Genentech · Primly Community

Went through a full Genentech loop for a Senior Data Analyst role. Here's what actually mattered.

returner_ren · 5 replies

Background: I came back from a 2-year caregiving gap and Genentech was one of the companies that actually moved forward with me. I was nervous about the gap question but it turned out not to be the thing.

Here's how the rounds went:

Recruiter screen (30 min): pretty standard. They asked about my background, why Genentech specifically (have a real answer here, vague mission-speak falls flat), and confirmed I was okay with the hybrid requirement.

Technical phone screen (60 min): SQL heavy. Two problems, one relatively simple aggregation query and one involving a window function across clinical event data. Not fake data, they use domain-adjacent scenarios.
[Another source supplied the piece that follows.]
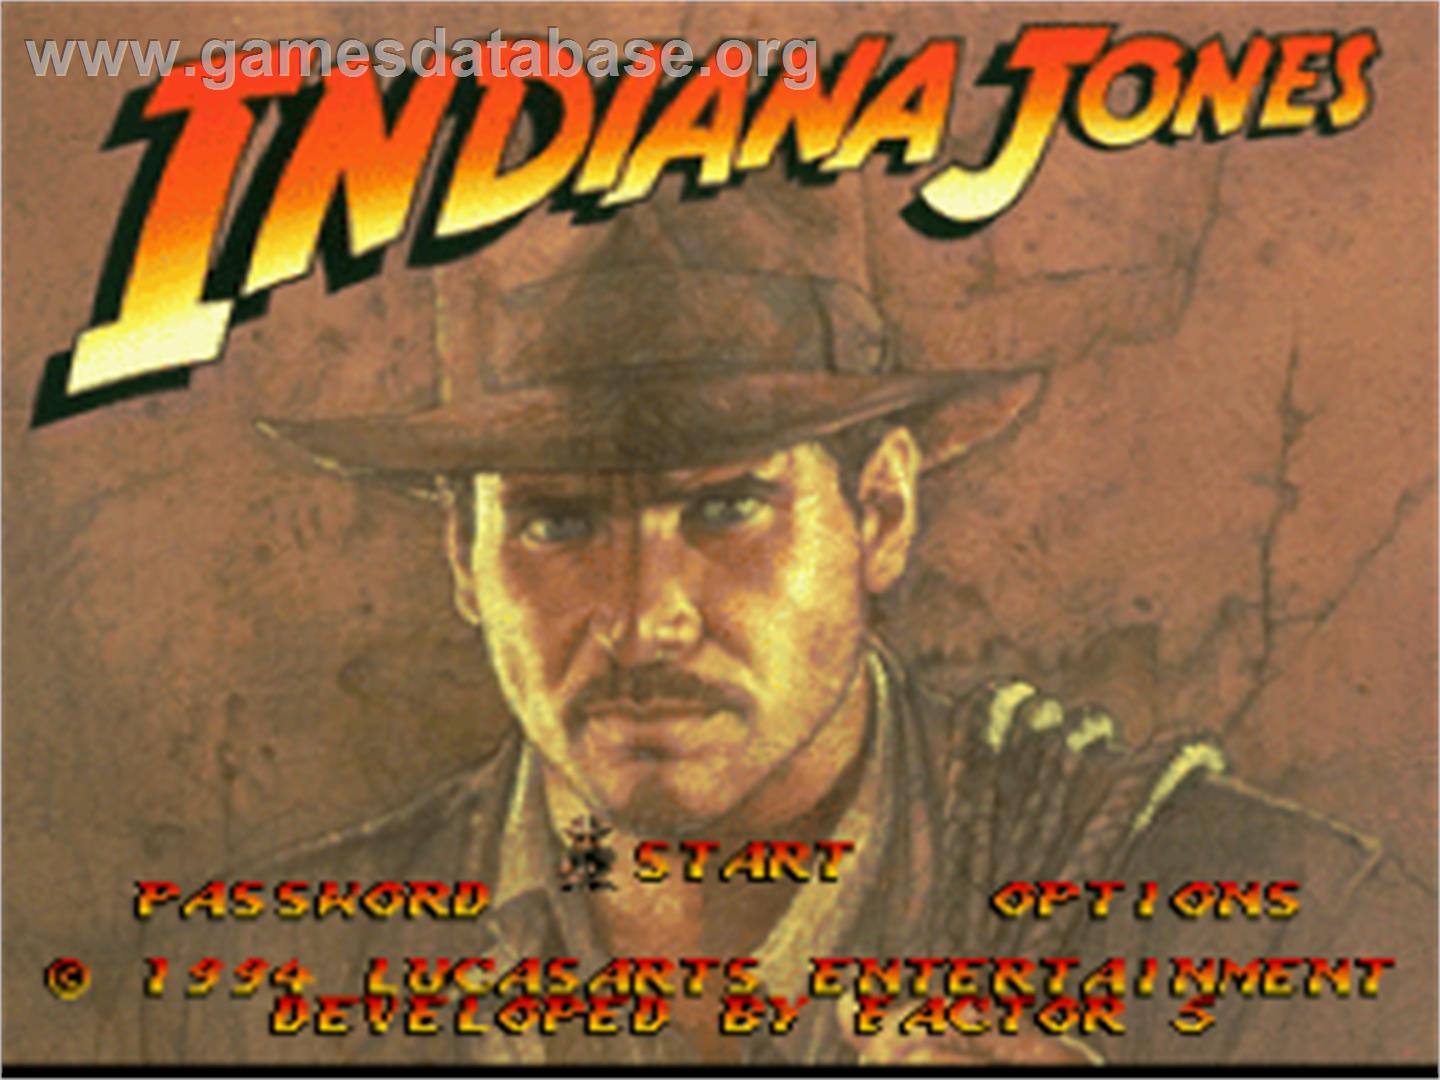 Indiana Jones' Greatest Adventures - Nintendo SNES - Artwork - Title Screen

Panel day (half day, 4 conversations): one was a hiring manager values chat, one was a peer data scientist who dug into a past project end-to-end, one was a cross-functional stakeholder who wanted to know how I handle disagreement with researchers, and one was a short presentation of a past analysis.
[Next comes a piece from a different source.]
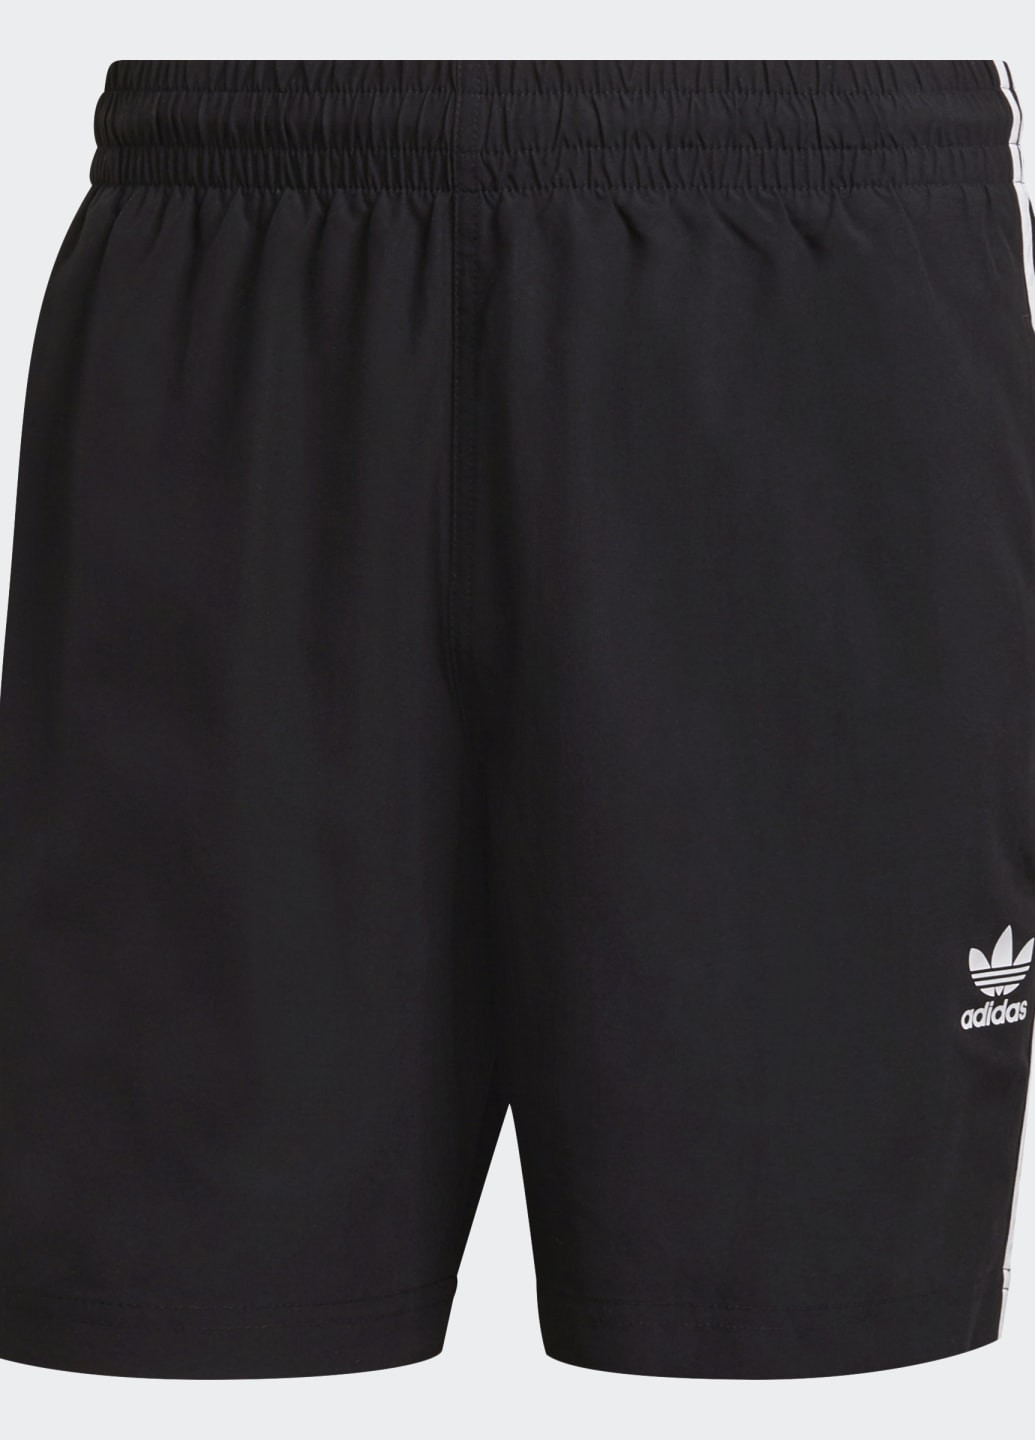 Мужские черные спортивные пляжные шорты adicolor classics 3-stripes adidas

What actually mattered: the cross-functional question. Genentech has a lot of scientists who think in different terms than business analysts. They wanted to know if I'd ever had to translate between those worlds without flattening nuance. Have a real story.

The gap question came up once, briefly, and my honest answer landed fine. They seemed more interested in whether I was ready than whether I'd been away.

5 replies

analyst_ana

the cross-functional story thing is so real. I bombed an early version of that question at a different biotech because I described 'translating for scientists' in kind of a condescending way. the framing matters a lot. you're not dumbing things down, you're finding shared vocabulary.

returner_ren

exactly. and the best signal I got was when the interviewer (a scientist herself) nodded when I said I'd asked the researcher what their mental model was before I tried to explain mine. that's the thing they're actually looking for.

sam_recovering

thank you for including the gap note. I've been dreading Genentech precisely because I assumed pharma/biotech would be more conservative about that. good to hear it wasn't the focus.

ds_dmitri

window function across clinical event data, that's interesting. is it survival analysis type stuff or more like just event sequencing? trying to figure out how much domain knowledge they expect you to come in with vs. learn on the job.

returner_ren

more event sequencing in my experience. they weren't testing survival analysis specifically, more whether you could think about time-ordered data carefully. you don't need pharma domain knowledge, but being able to reason about what 'before treatment' vs 'after treatment' means in a data context helps.